[About this exercise] Copy task, pictures excluded: set down exactly the lines from the one containing "HOUSE JOURNAL No." to the end of the data below.

[Recorded data]
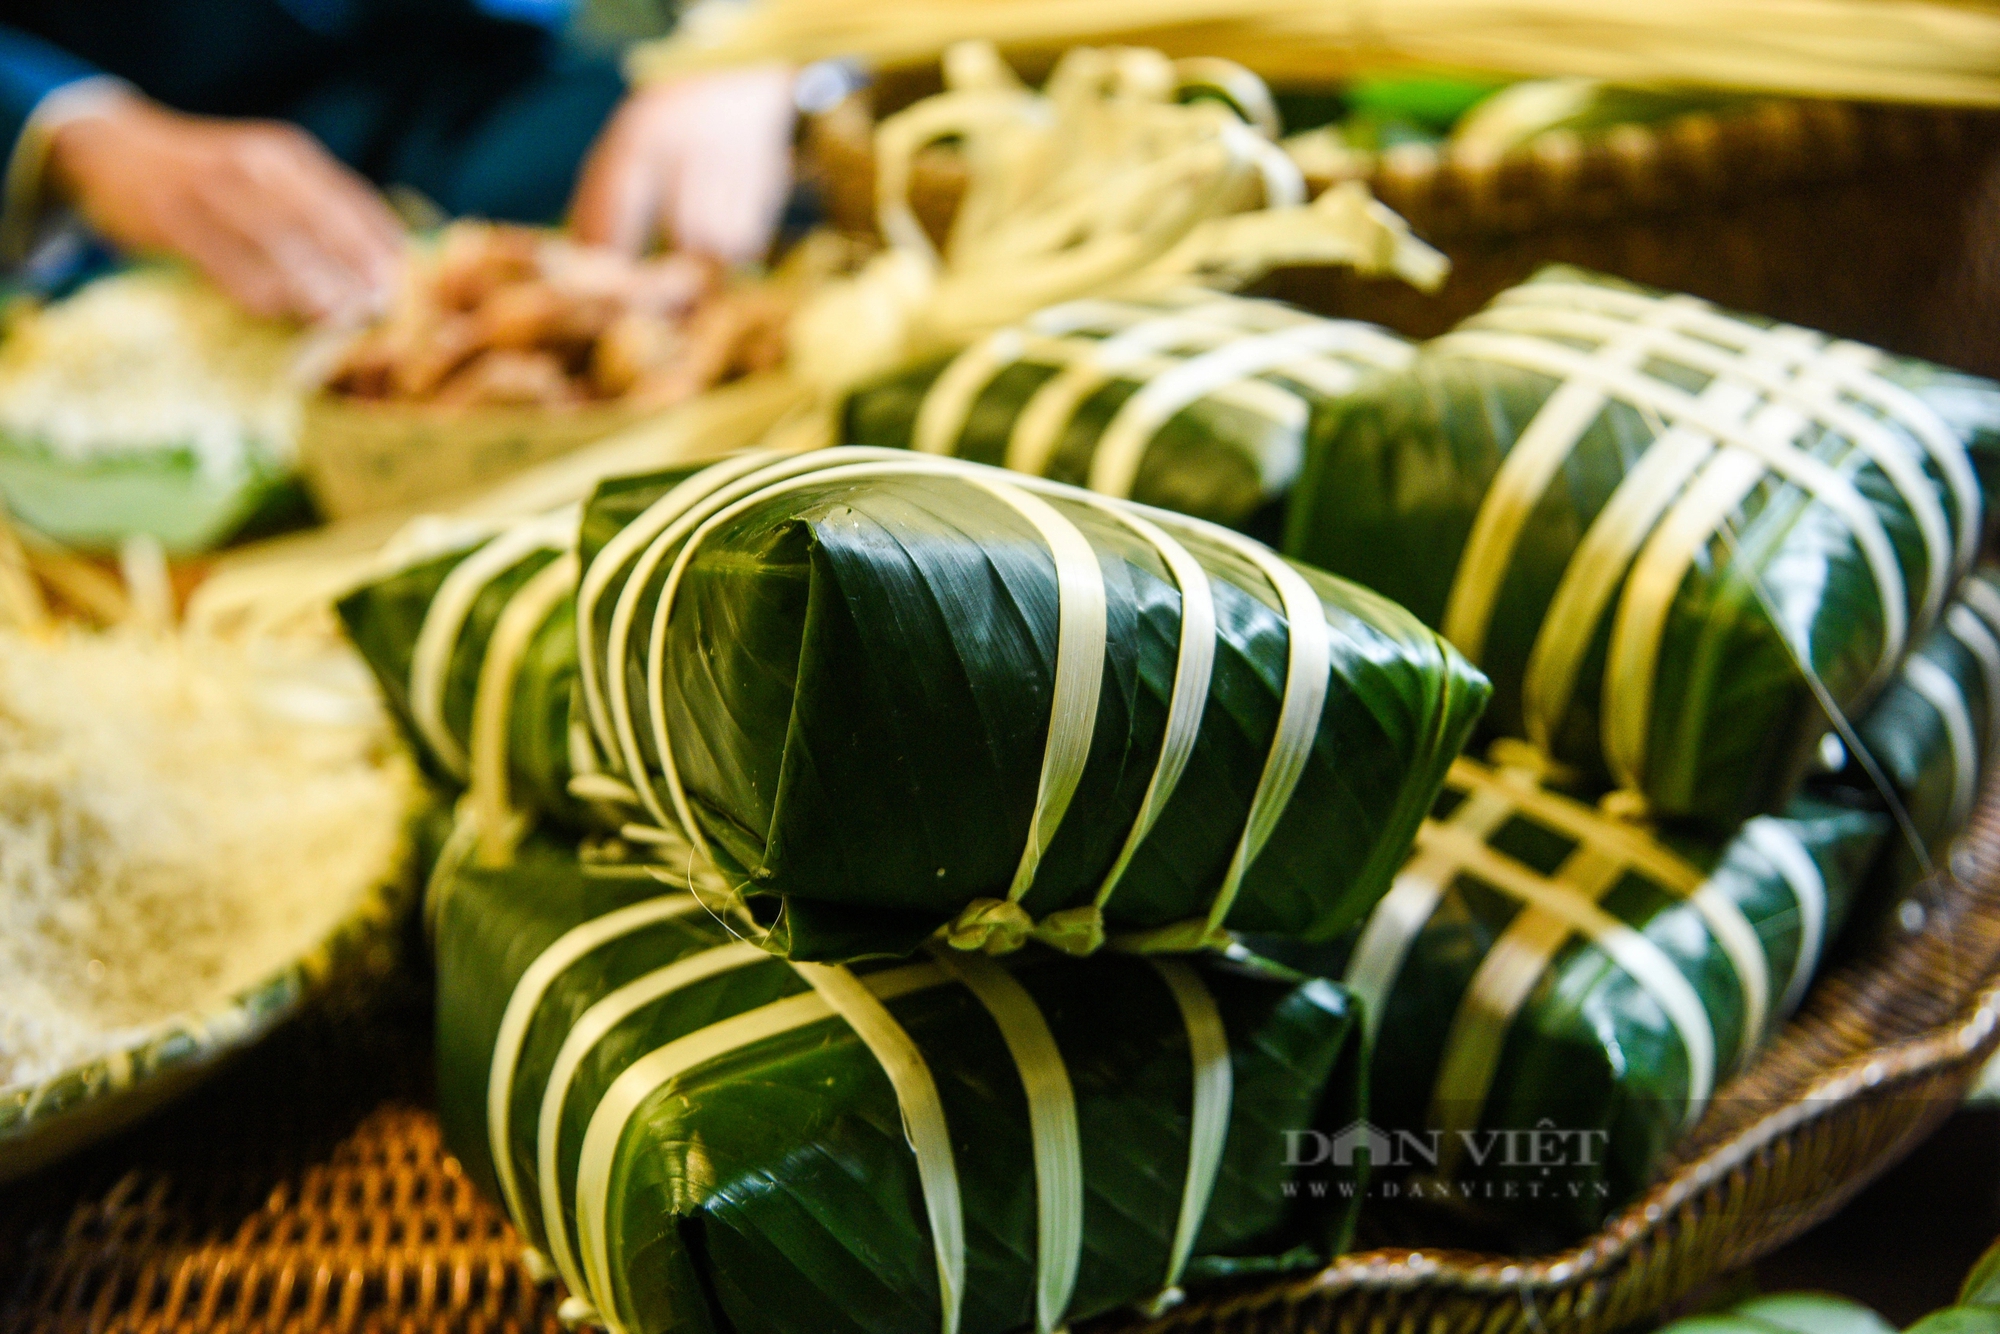 Khách quốc tế thích thú khi xem người Hà Nội gói bánh chưng truyền thống dịp Tết Nguyên đán- Ảnh 7.
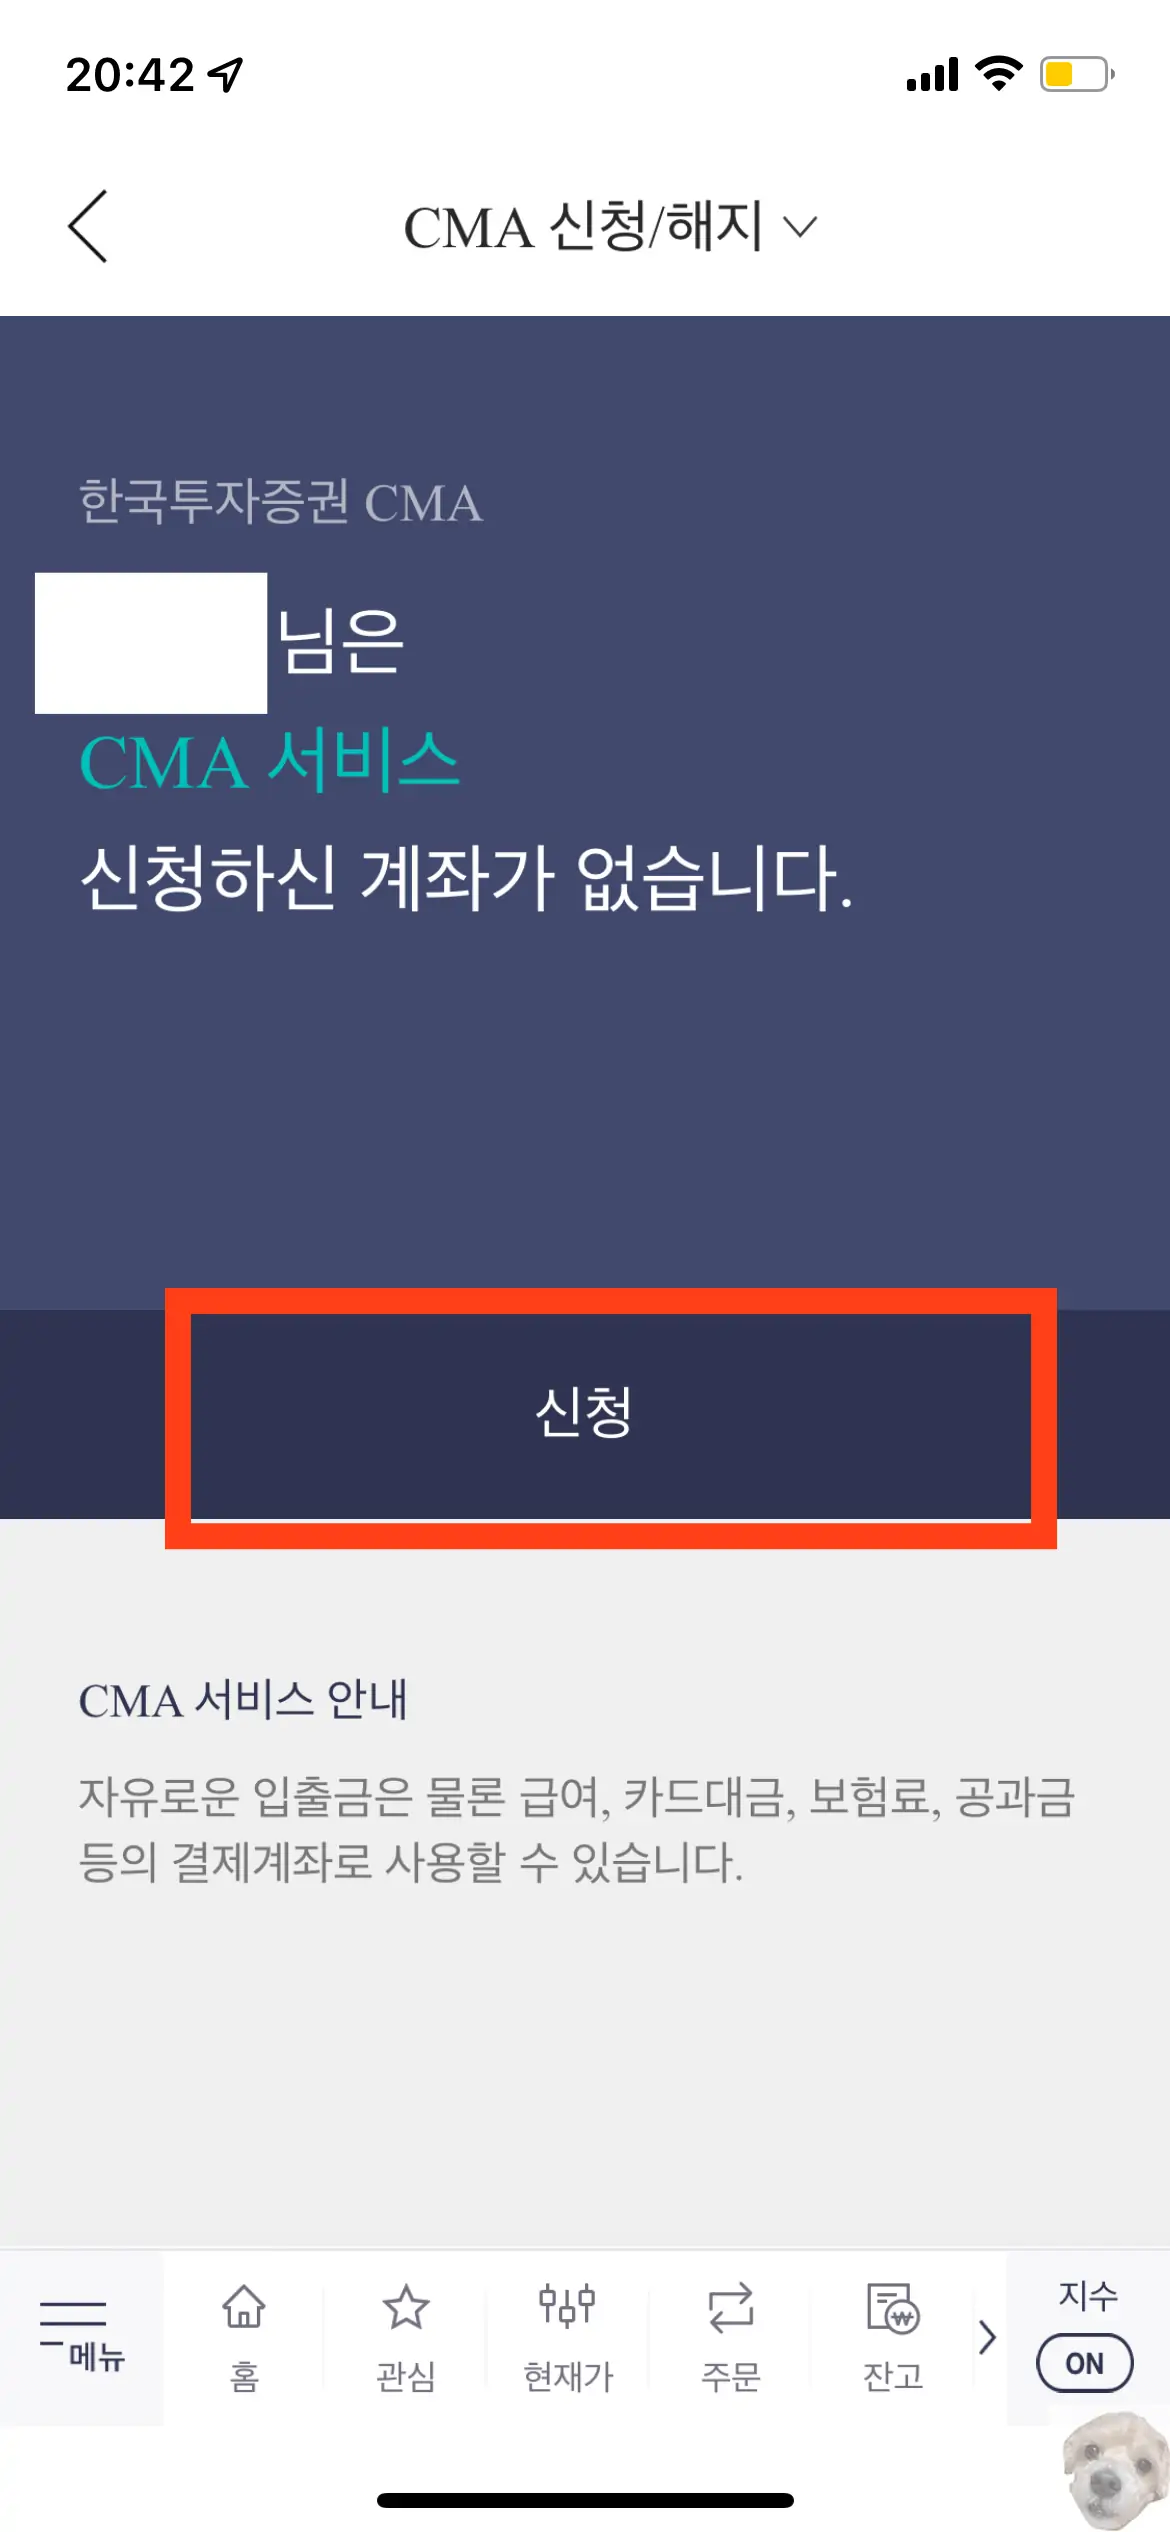 내가 사용하는 한국투자증권 앱에서 CMA 통장 개설하는 방법
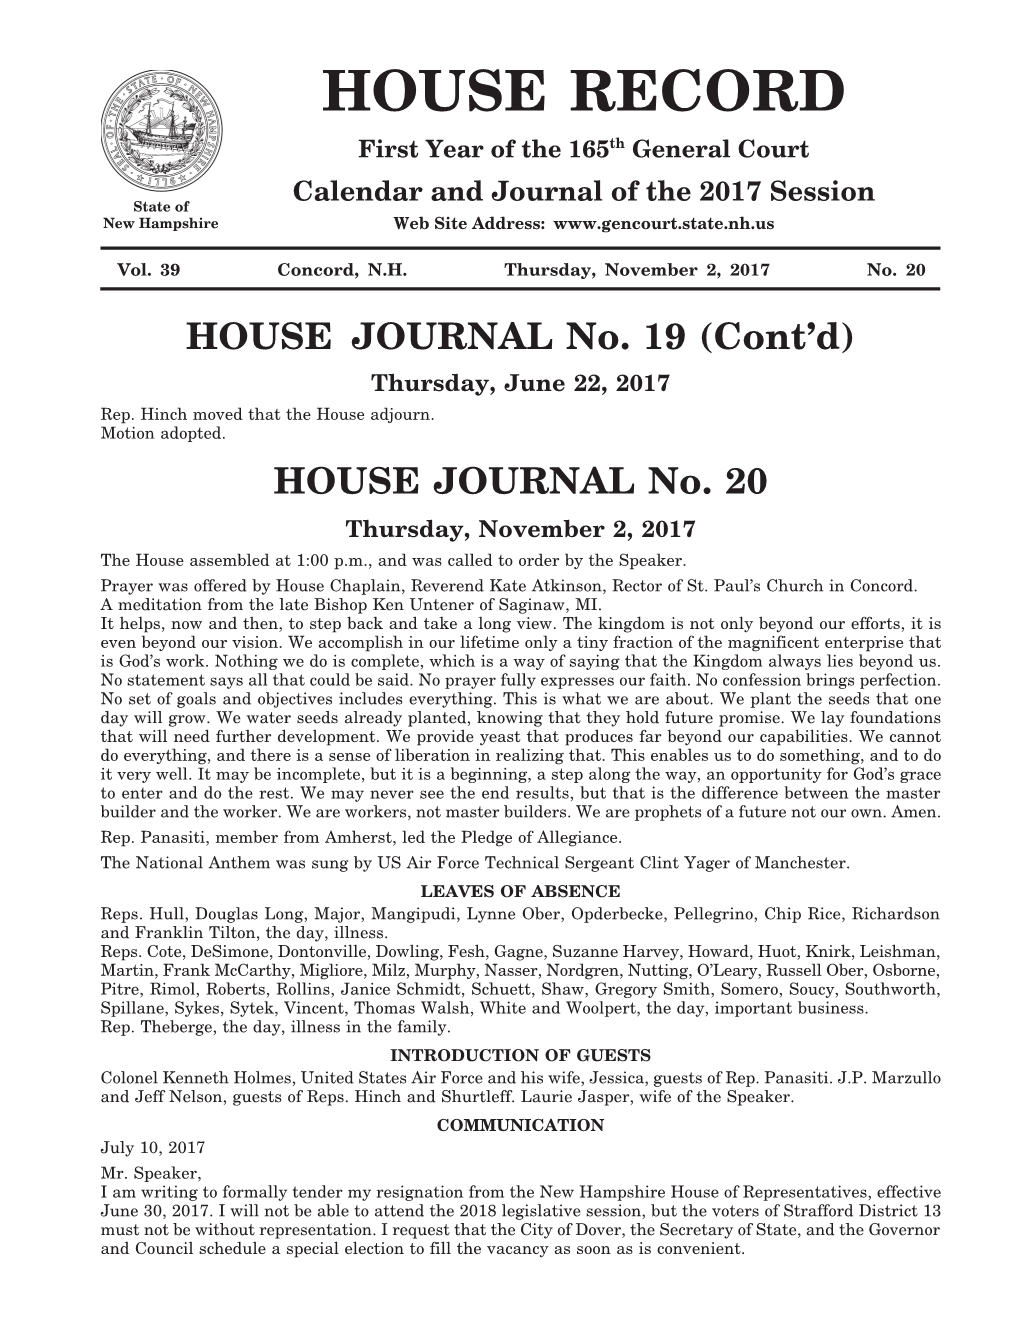 HOUSE JOURNAL No. 19 (Cont’D) Thursday, June 22, 2017 Rep
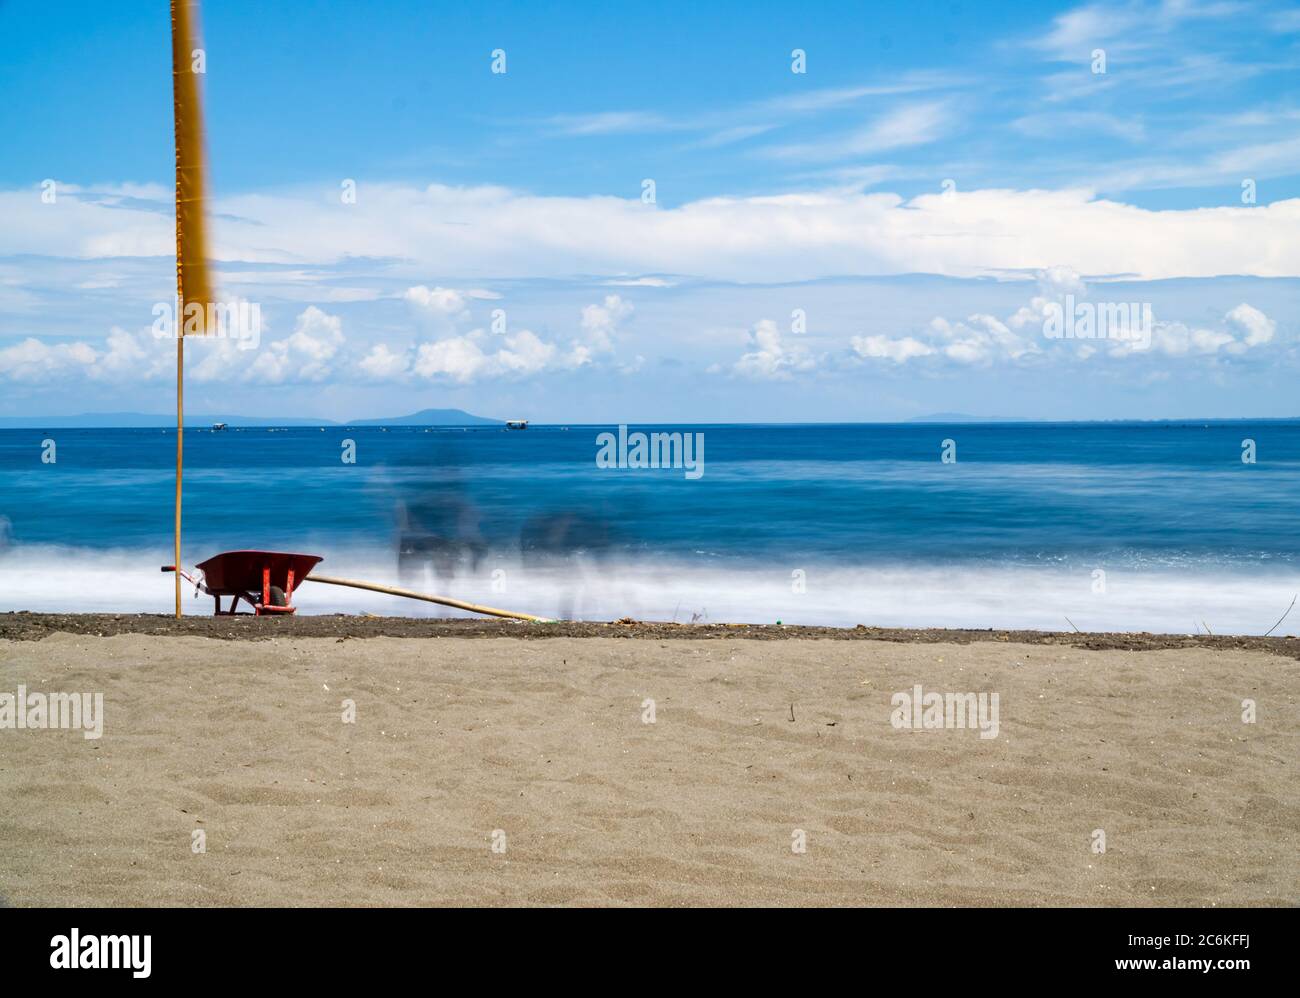 brouette rouge sur la plage. paysage marin en longue exposition Banque D'Images

[Answer]
 HOUSE JOURNAL No. 19 (Cont’D) Thursday, June 22, 2017 Rep
 brouette rouge sur la plage. paysage marin en longue exposition Banque D'Images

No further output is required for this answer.